Recuerda que la conversión no es el resultado de una acción coerci­tiva u obligada. Cuando el Señor Jesús se apareció a Saulo, no se le impuso, ni le manipuló para que hipnóticamente tomara decisio­nes contra su voluntad. Le hizo una pregunta muy incisiva, “¿Por qué me persigues?”, con la que apeló al intelecto, a la razón y a la conciencia. Y Saulo contestó de una forma racional, consciente y libre con otras dos preguntas: “¿Quién eres, Señor?”, “¿Qué quieres que yo haga?”.
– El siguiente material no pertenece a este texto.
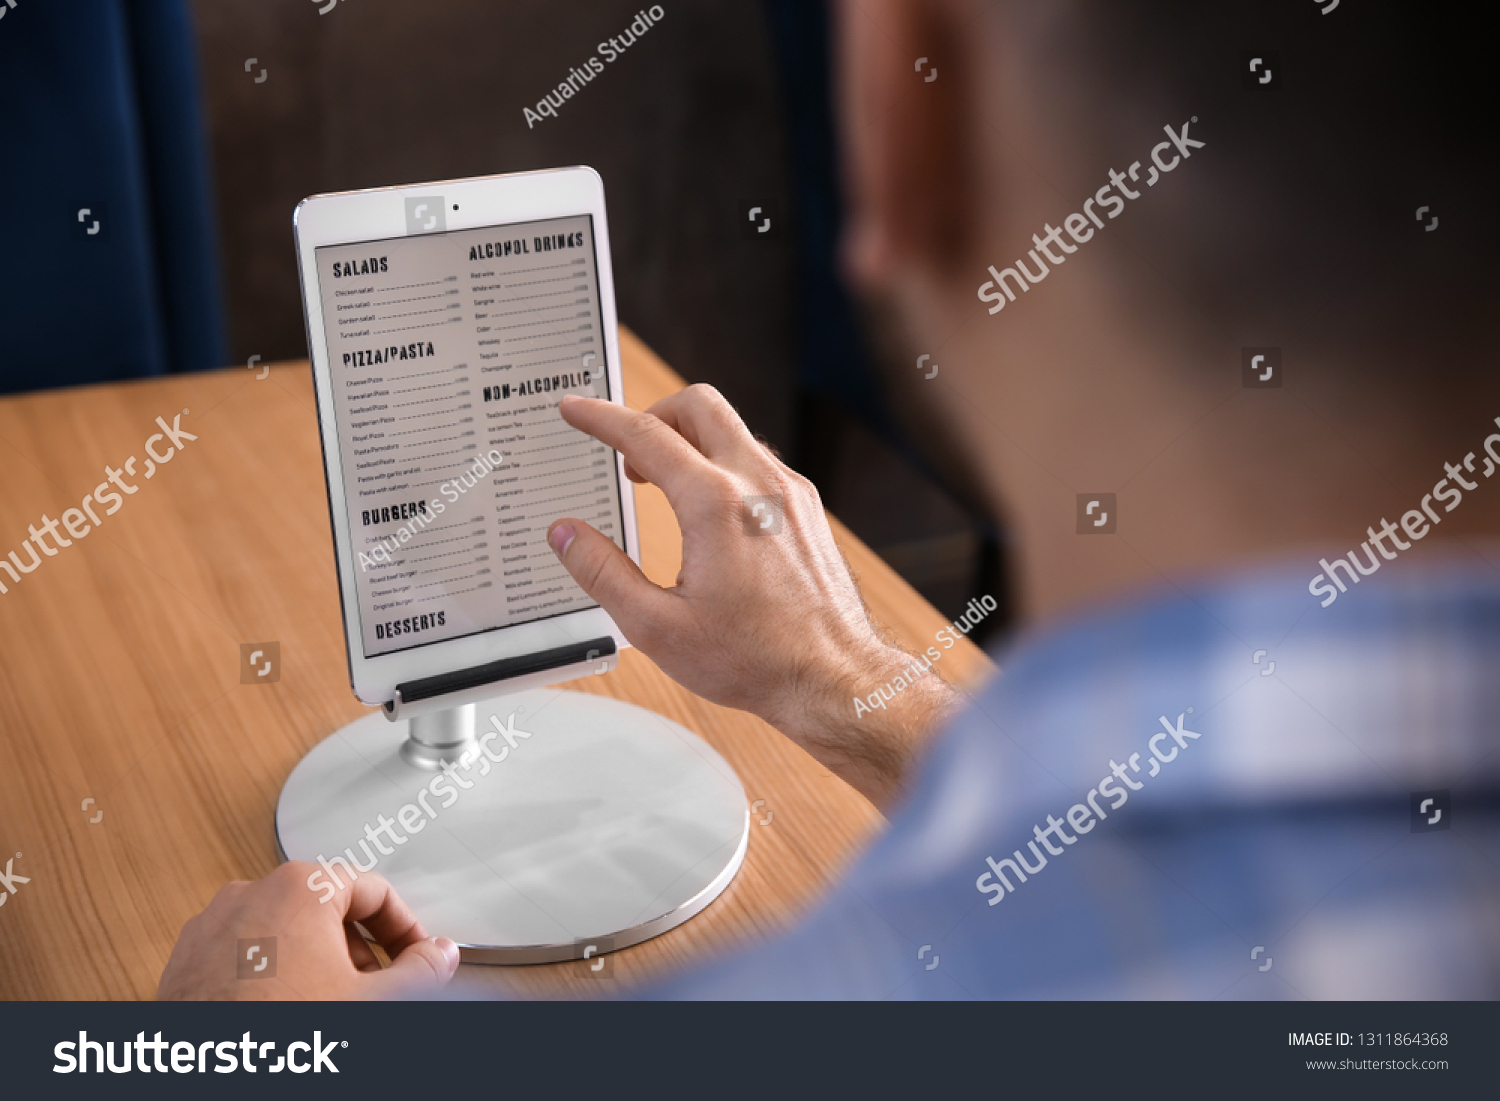 Young man with tablet PC looking through menu in restaurant #1311864368

Hace expresar con evidencias concretas que un verdadero lla­mado y encuentro cambia para siempre la vida. El encuentro del Señor en gloria con Saulo en el camino de Damasco fue decisivo. Cuando los hombres que iban con Saulo volvieron en sí, vieron que había perdido la vista y tuvieron que conducirle hasta la ciudad. ¡Qué cambio tan radical! En lugar del orgulloso fariseo que cami­naba por las calles con los aires de un inquisidor, aho­ra era un hombre humillado, afligi­do, tembloroso, andando a tientas, necesitado de una mano que le guia­ra. Luego, cuando llegó a la posada y se quedó sólo en medio de la oscuridad, empezó a orar y fue entonces cuando tuvo lugar el verdadero cambio interior en su vida. Fue una verdadera crisis de su intelecto, voluntad y emocio­nes que transformó toda su vida y sus actividades posteriores. Es­tablece una nueva relación con el Señor Jesús: “Yo ciertamente ha­bía creído que mi deber era hacer muchas cosas contra el nombre de Jesús de Nazaret; lo cual tam­bién hice…” (Hch 26, 9-10). Tam­bién con la Iglesia. Cuando Ana­nías fue enviado a servir al nuevo convertido, al entrar a la habita­ción donde estaba le dio la bienvenida de una forma frater­nal: “Fue entonces Ananías y entró en la casa, y poniendo sobre él las manos, dijo: Hermano Sau­lo…” (Hch 9, 17). El temido enemigo de la Iglesia fue recibi­do como un herma­no, como miembro de la familia. Fue por esta razón que se levantó y fue bautizado (Hch 9, 18). Y posteriormente una nueva responsabilidad ha­cia el mundo, ser ‘Apóstol de los Gentiles’. Jesucristo ya había in­dicado a Saulo a través de Ana­nías cuál iba a ser su misión: “… instrumento escogido me es este, para llevar mi nombre en presen­cia de los gentiles, y de reyes, y de los hijos de Israel” (Hch 9, 15). Y Pablo comenzó a cumplir­la inmediatamente en Damasco, donde se encontraba: “En seguida predicaba a Cristo en las sinago­gas, diciendo que éste era el Hijo de Dios” (Hch 9, 20).

Y formaliza el llamamiento a tes­tificar sobre Jesucristo, pues es un deber adquirido con la conver­sión. Para Pablo era una necesi­dad: “¡Ay de mí si no anunciare el Evangelio!” (1 Cor 9, 16). Se convierte en el ‘Apóstol de los Gentiles’.

Nota: el cambio de nombre de Saulo en Pablo es un signo de que Él ha cambiado de estado: de ju­dío perseguidor (Saulo) a Apóstol predicador del Mesías, y como apóstol esclavo de Dios y de Cristo, y como Apóstol también un instrumento humano pequeño (Pablo) y de poco valor, al que sin embargo Dios escoge para una al­tísima misión.